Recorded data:

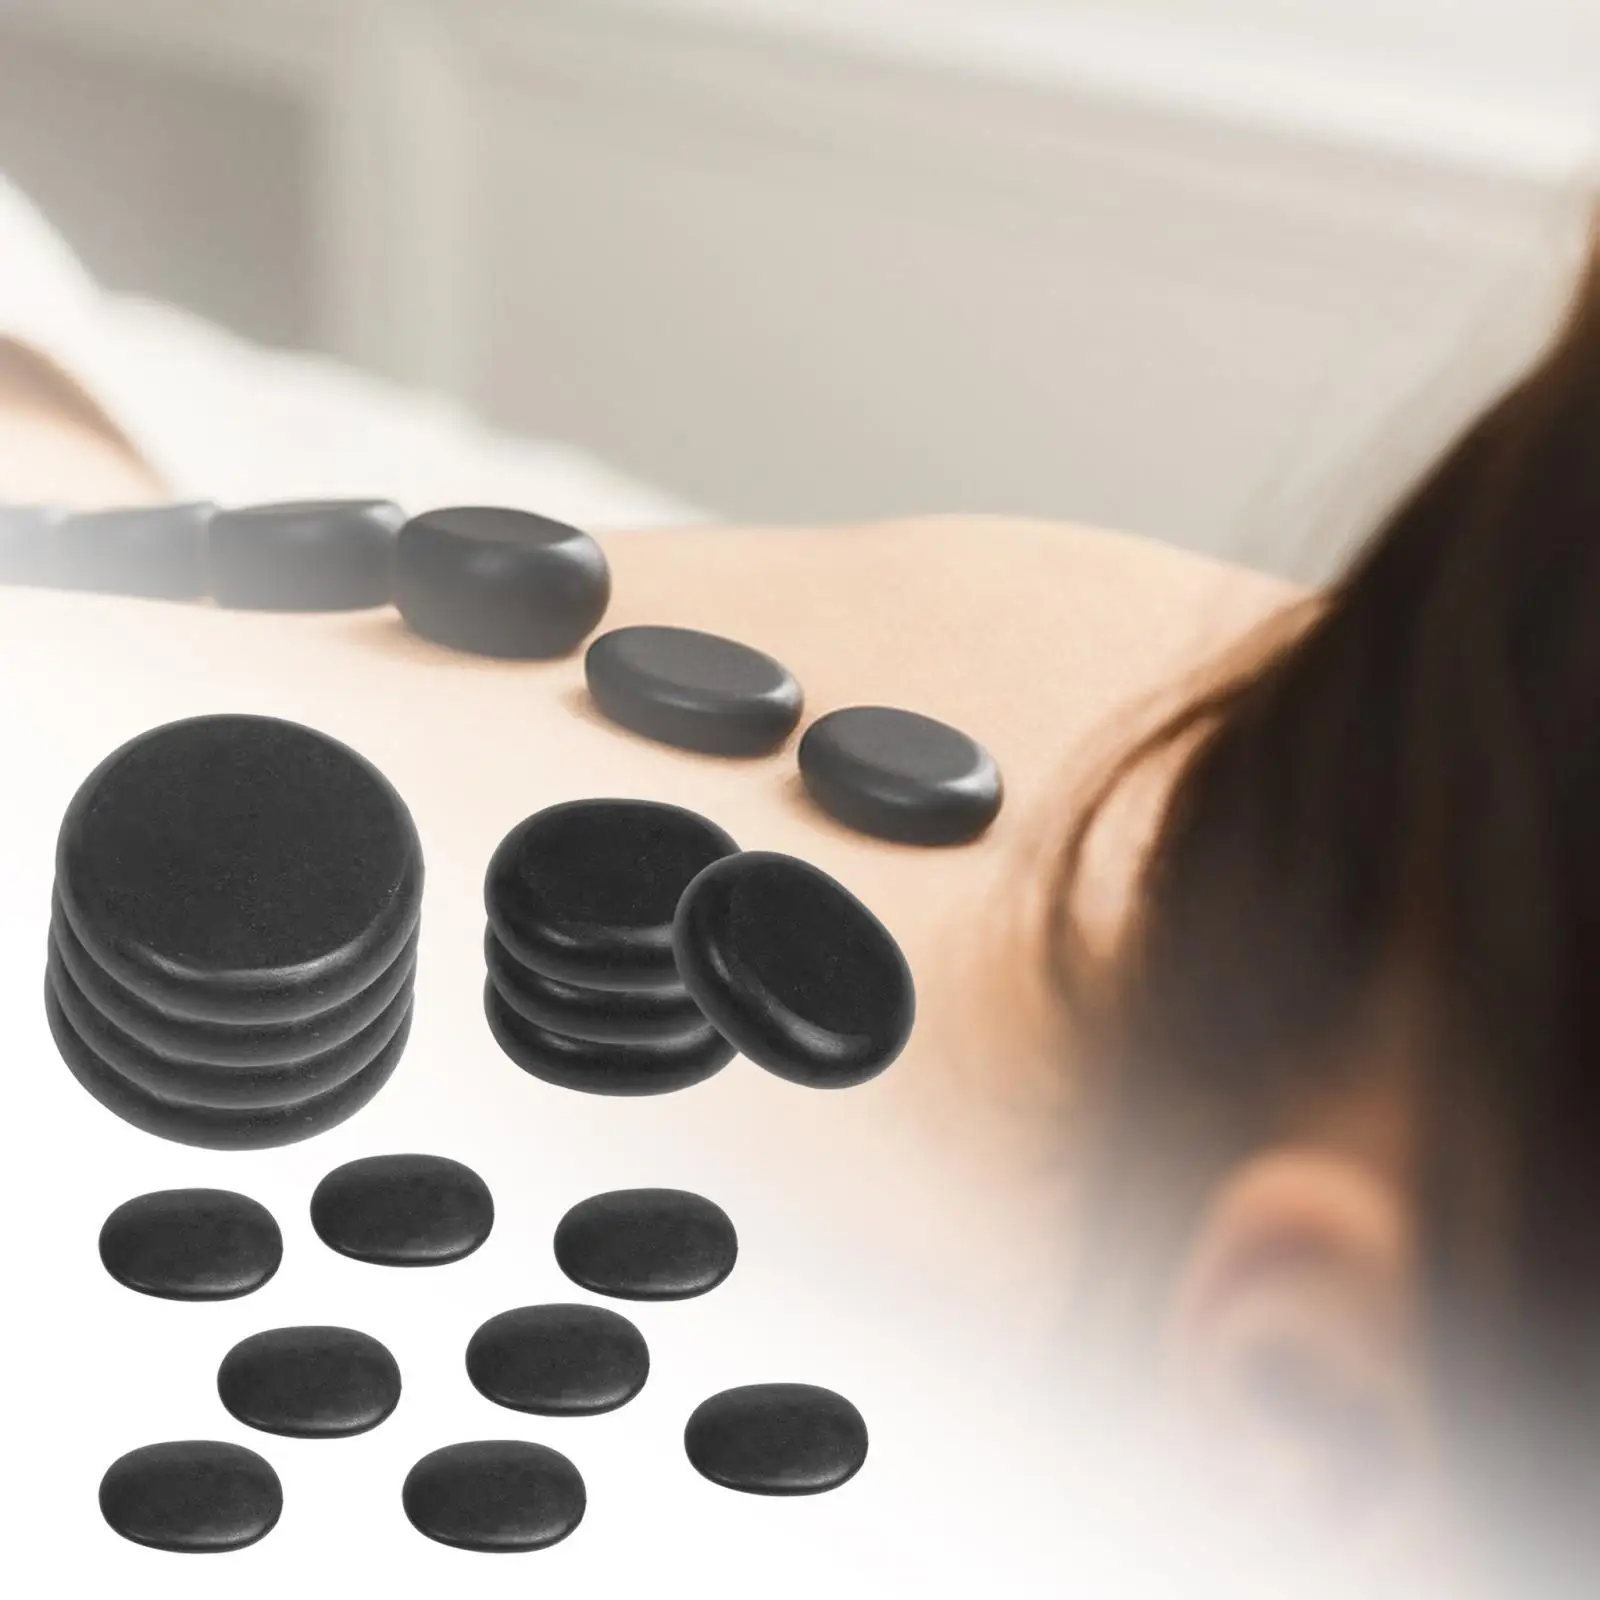 16x Hot Stone Massage Set SPA Stones Easy to Clean Portable Beauty Tools Relaxation
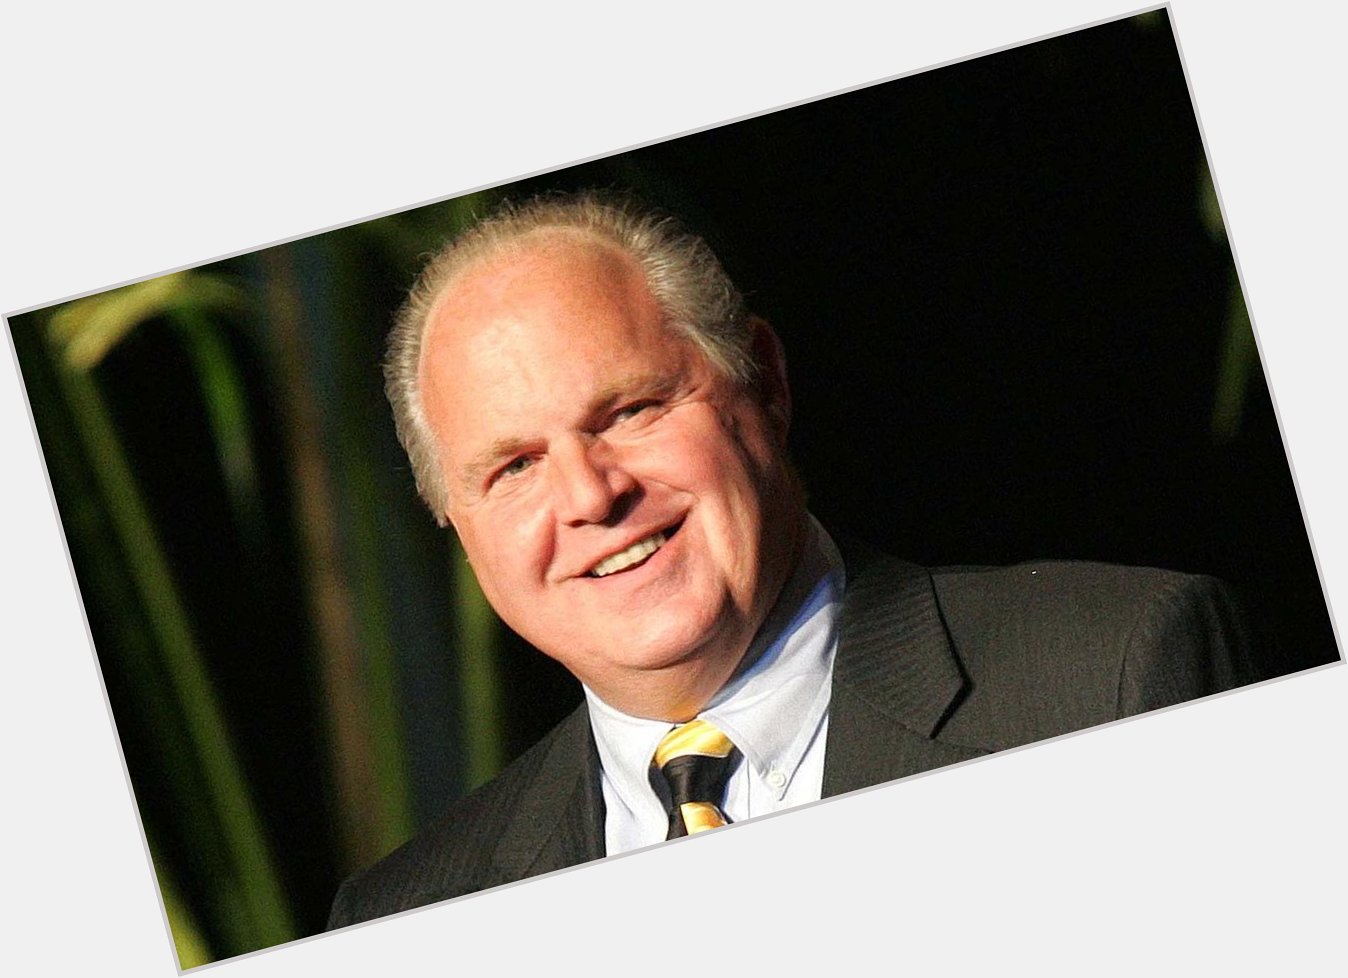 The great Rush Limbaugh would\ve turned 72 years old today.

Happy birthday Rush! 
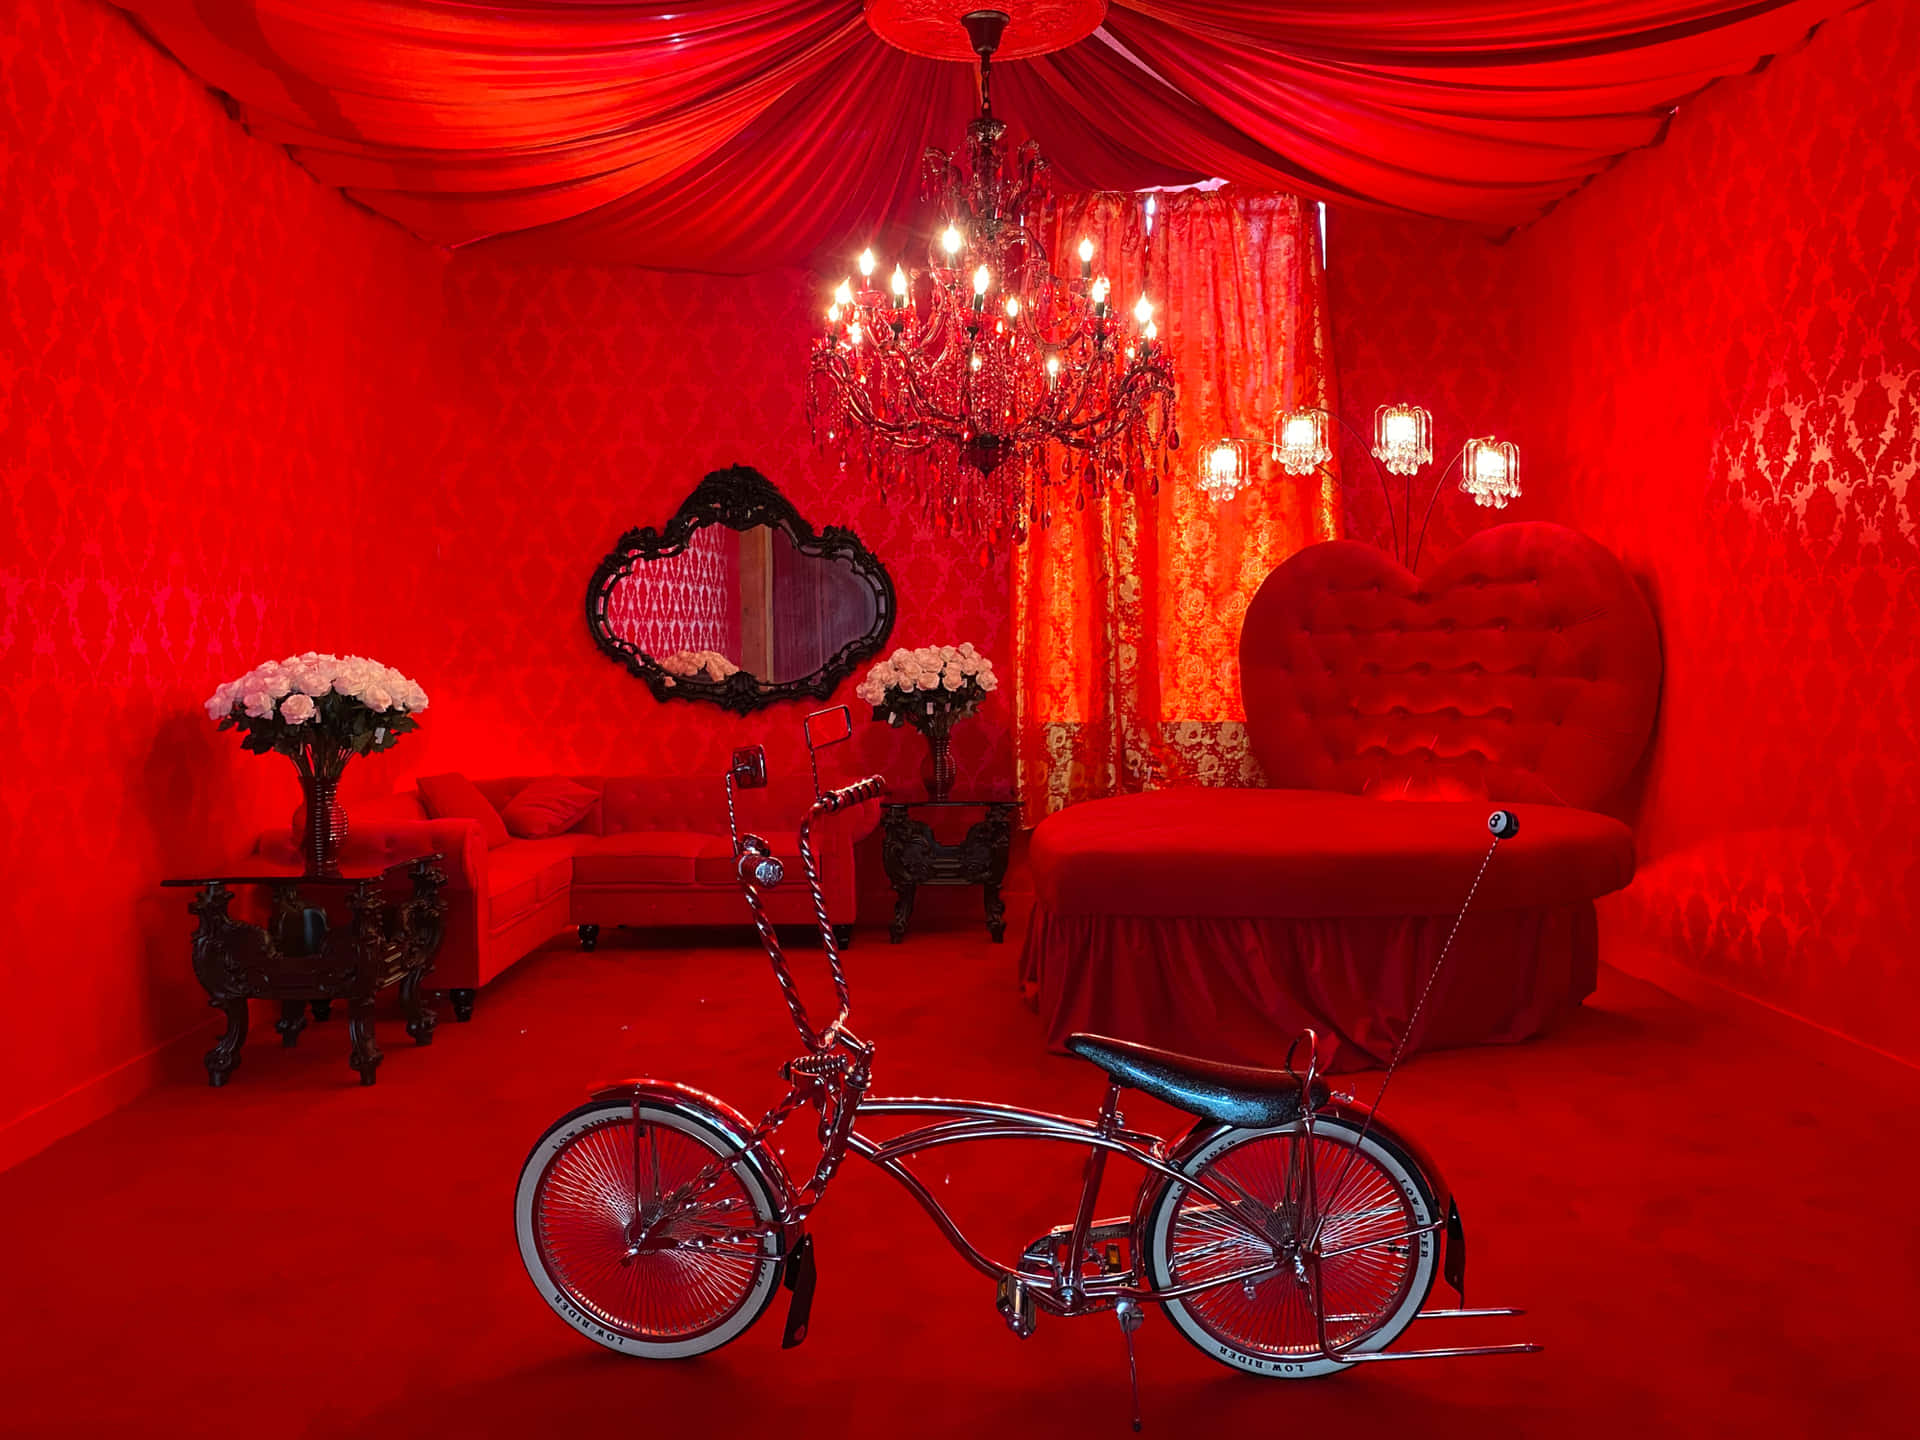 "Relax in the calming atmosphere of a Red Room"
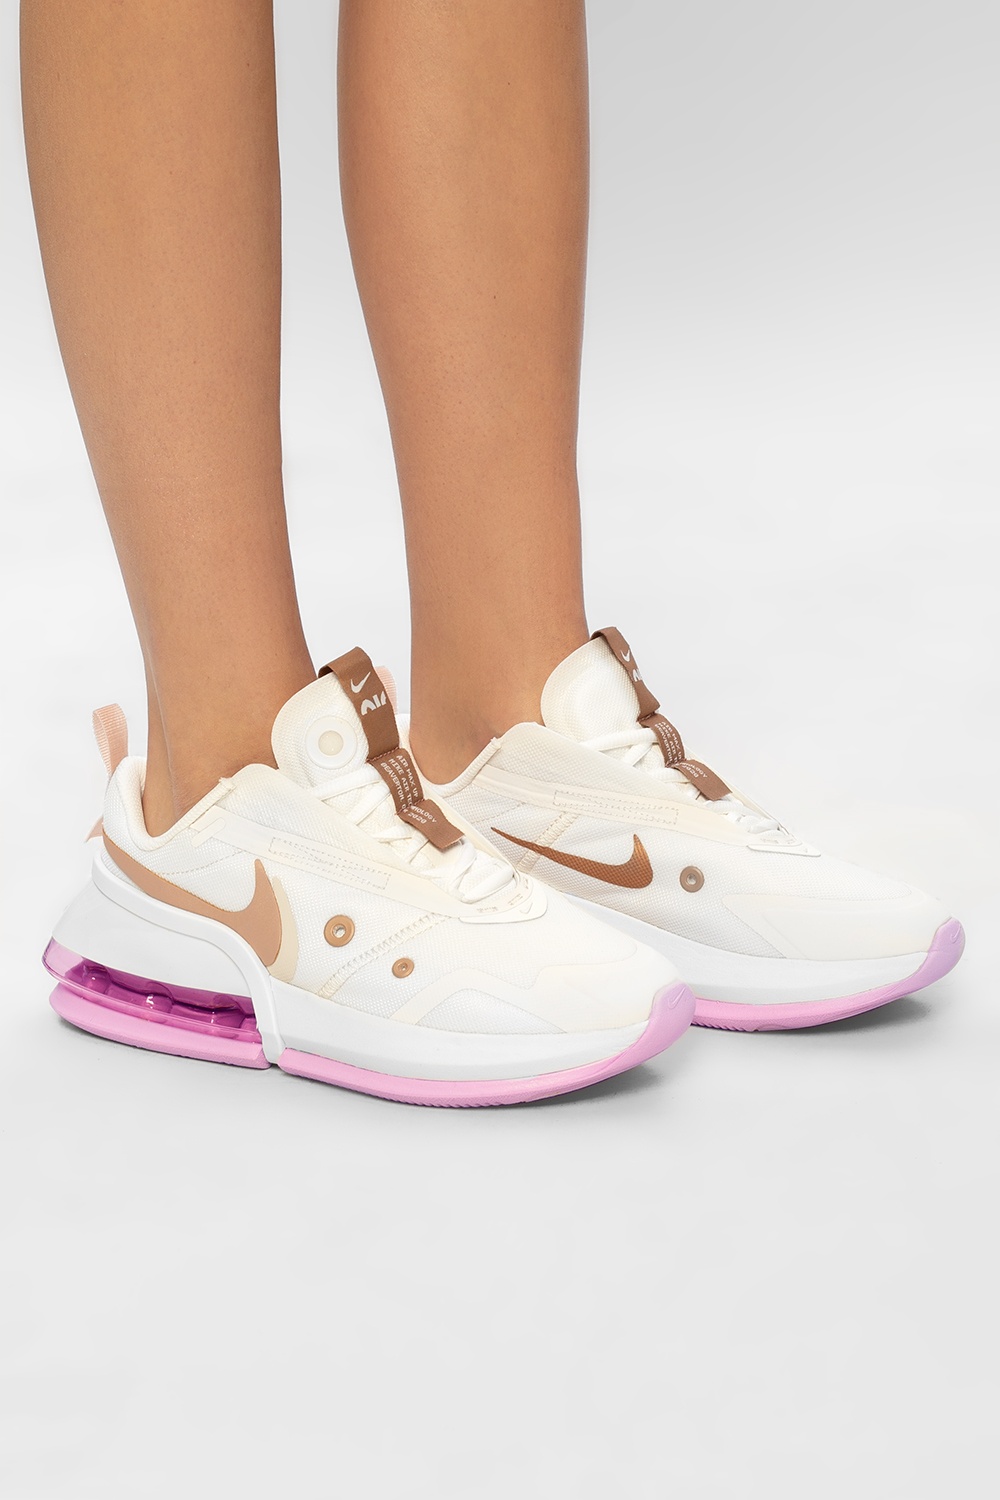 women's air max up

— WHAT YOU HAVE TO DO —
Each line of the data is to be duplicated exactly; pictures stay out of the copy.

— REPLY TO THE TASK —
 16x Hot Stone Massage Set SPA Stones Easy to Clean Portable Beauty Tools Relaxation
 The great Rush Limbaugh would\ve turned 72 years old today.

Happy birthday Rush! 
 "Relax in the calming atmosphere of a Red Room"
 women's air max up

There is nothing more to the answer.